Louis Louis

You reach a certain, middle-aged, point in life where it’s nice to have a few special, more expensive, and higher quality items. But it doesn’t take long to realize that luxury goods and kids just don’t mix. We nearly sustained two casualties last weekend, just living our everyday lives, not asking for any trouble.

IMG_2435Despite Apple’s claim to “do swim workouts in open water, track laps at the pool, or splash with your kids,” Mark’s new Series 2 watch didn’t stand a chance against Maxine’s wrath.  As she yanked it down from the nightstand,  it’s screen quickly cracked, thus totally mocking Apple’s claim to “see your metrics clearly, no matter how much the sun glares.”

The second, more unfortunate case occurred in a cab, heading to Randall’s Island, en route to one of my son’s two weekend soccer games.

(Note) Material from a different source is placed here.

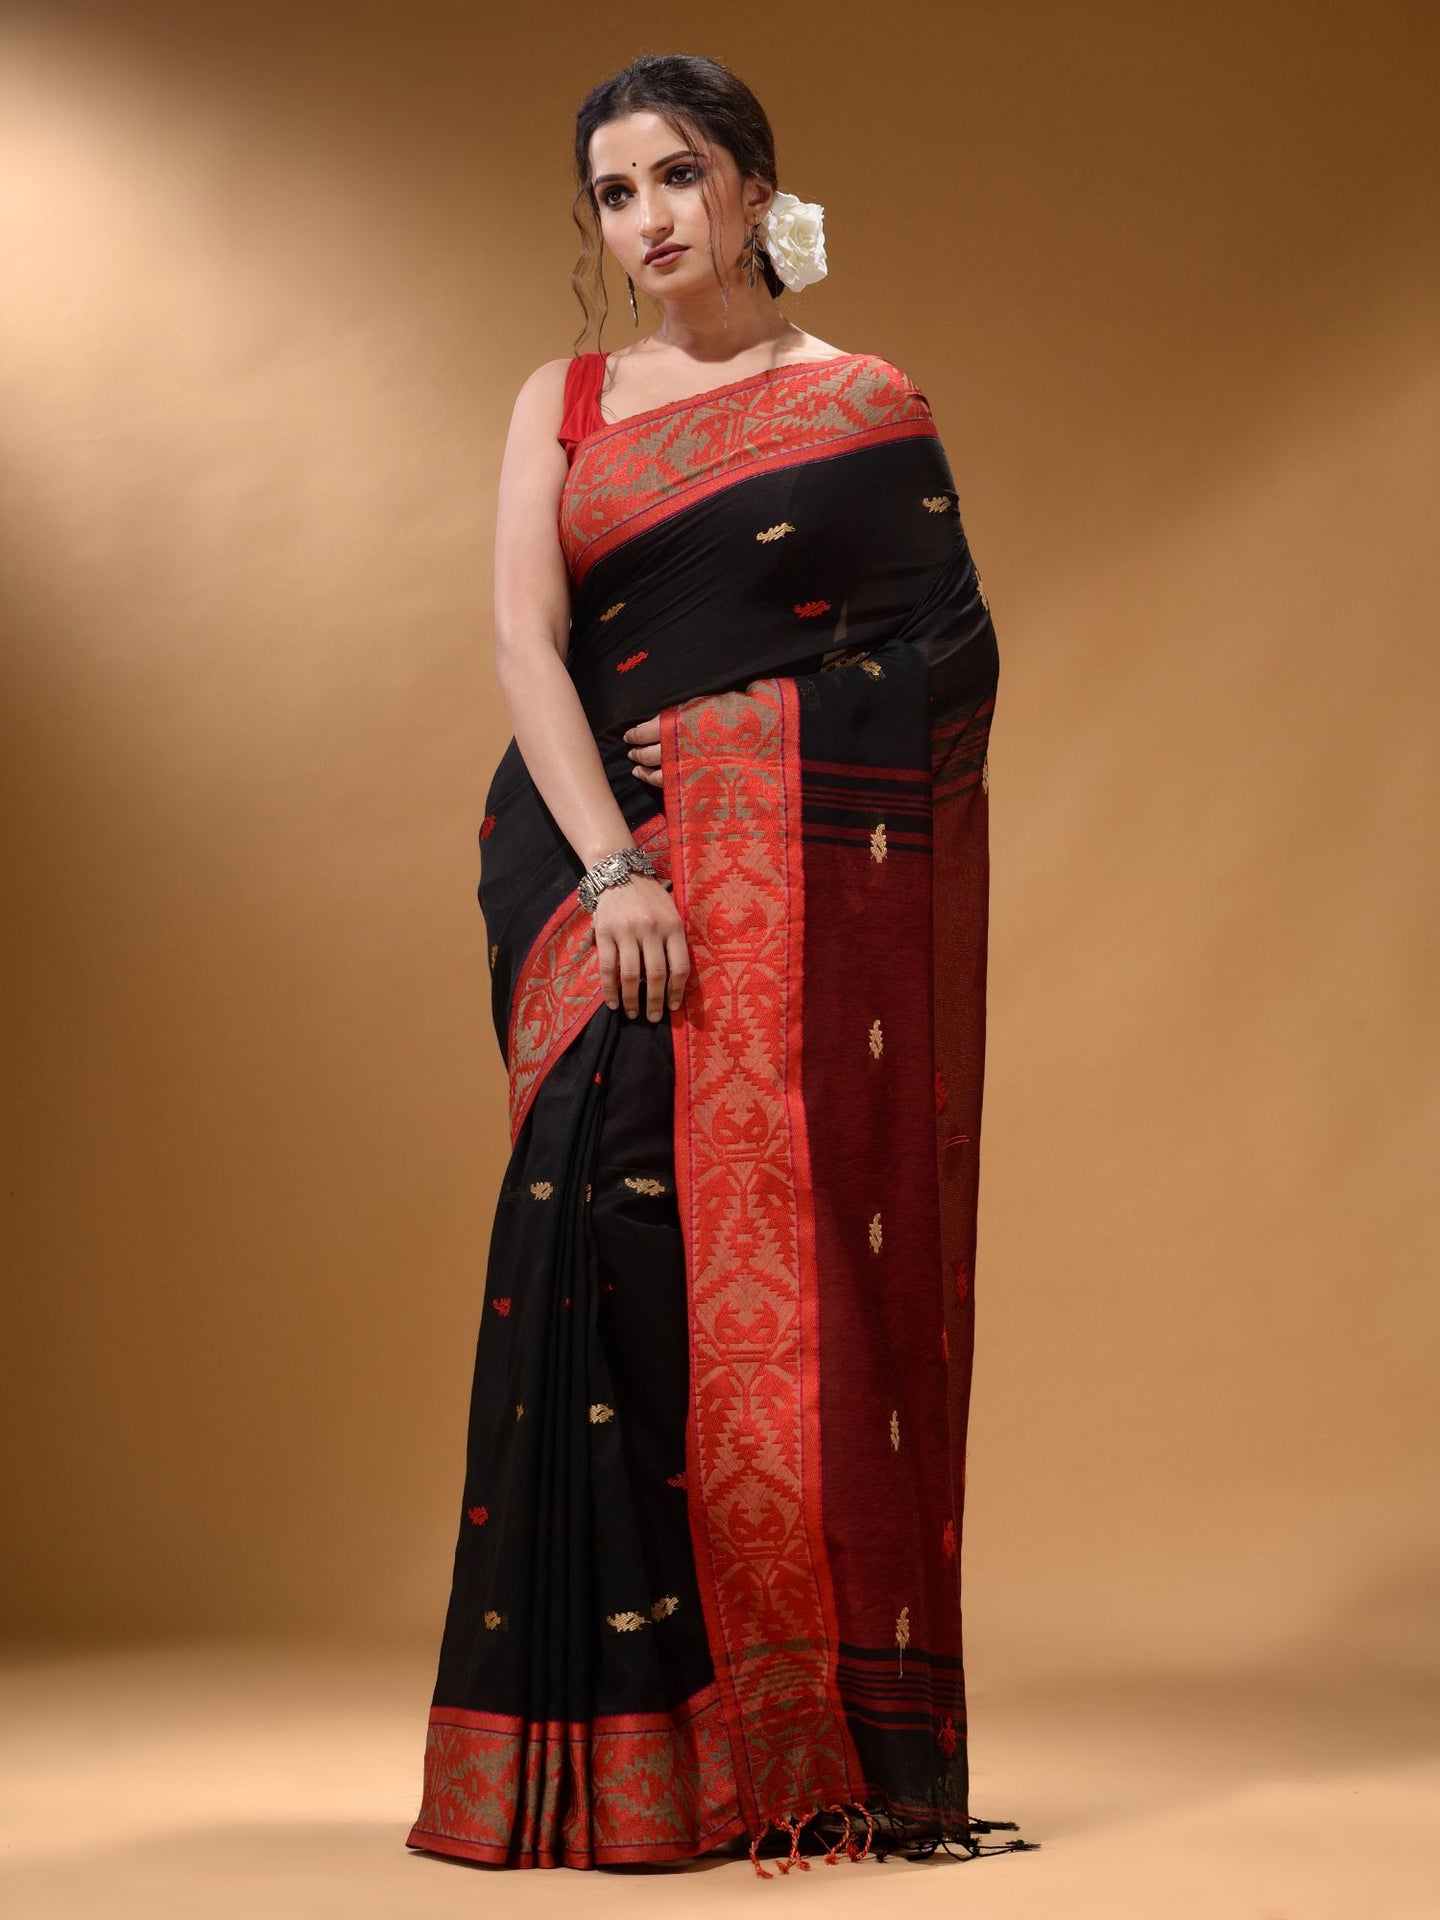 Black Cotton Handspun Soft Saree With Nakshi Border And Contrast With Red Pallu

As an aside, after living in the city, car free, for almost twenty years, we bought a car two years ago – mere months before we learned we were having twins. They say a car’s value deprecates the minute you drive off the lot. In our case, it lost value and, unknowingly, became too small. Last week, we sold it so we could buy another to accommodate the 5 of us, plus Grandma, Uncle Mike, or who ever else may need a ride.

The irony of owning a car in New York it that, but for random weekends or to head to the beach in summer, it’s barely used. Back in the day, taking the LIRR or Hampton Jitney out east was a no brainer. Doing it with 3 little kids and a giant suitcase, during high season, is to be avoided at all costs.

Of course, the only weekend where Luca had two soccer games occurred on the one we didn’t yet have the new car. So, after an expensive Uber ride out to Staten Island on Saturday, we opted for a more frugal cab to take us up to Randall’s Island Sunday morning.

As with most New York City cabs, our ride up the FDR was, utterly, life threatening. While Mark was enjoying the ride up front, I had all 3 kids across the back belted in tight. To our distress, we discovered that Randall’s Island has more than just a few soccer fields, and, after endless looping trying to locate Field 6, Mark and I exchanged pleasantries and decided we needed to pull over. At that very moment, poor Maxine (once again, the villain), succumbed to the perpetual stop and go, and threw up inside my Louis Vuitton bag, sitting open, unsuspectingly, on my lap. Because we were strapped in pretty tight, I couldn’t prevent her from another episode, seconds later, ensuring she covered all bases by blanketing the outside of my bag too.

With me begging the cabbie to pull over, the situation was bleak considering we still had to sit through the game. With only the clothes on our back and the water and snacks packed so lovingly, in my bag, it proved to be long and noxious morning. After paying the driver handsomely for the fare and to have the car washed, any efforts at frugality were futile.

Amazingly, even in her compromised state, Maxine’s targeting skills were quite precise in more ways than one. As our cabbie managed to pull over and we all piled out, miraculously, I was standing right in front of a minuscule sign pointing to field #6. At the end of the day, we all had Maxine to thank!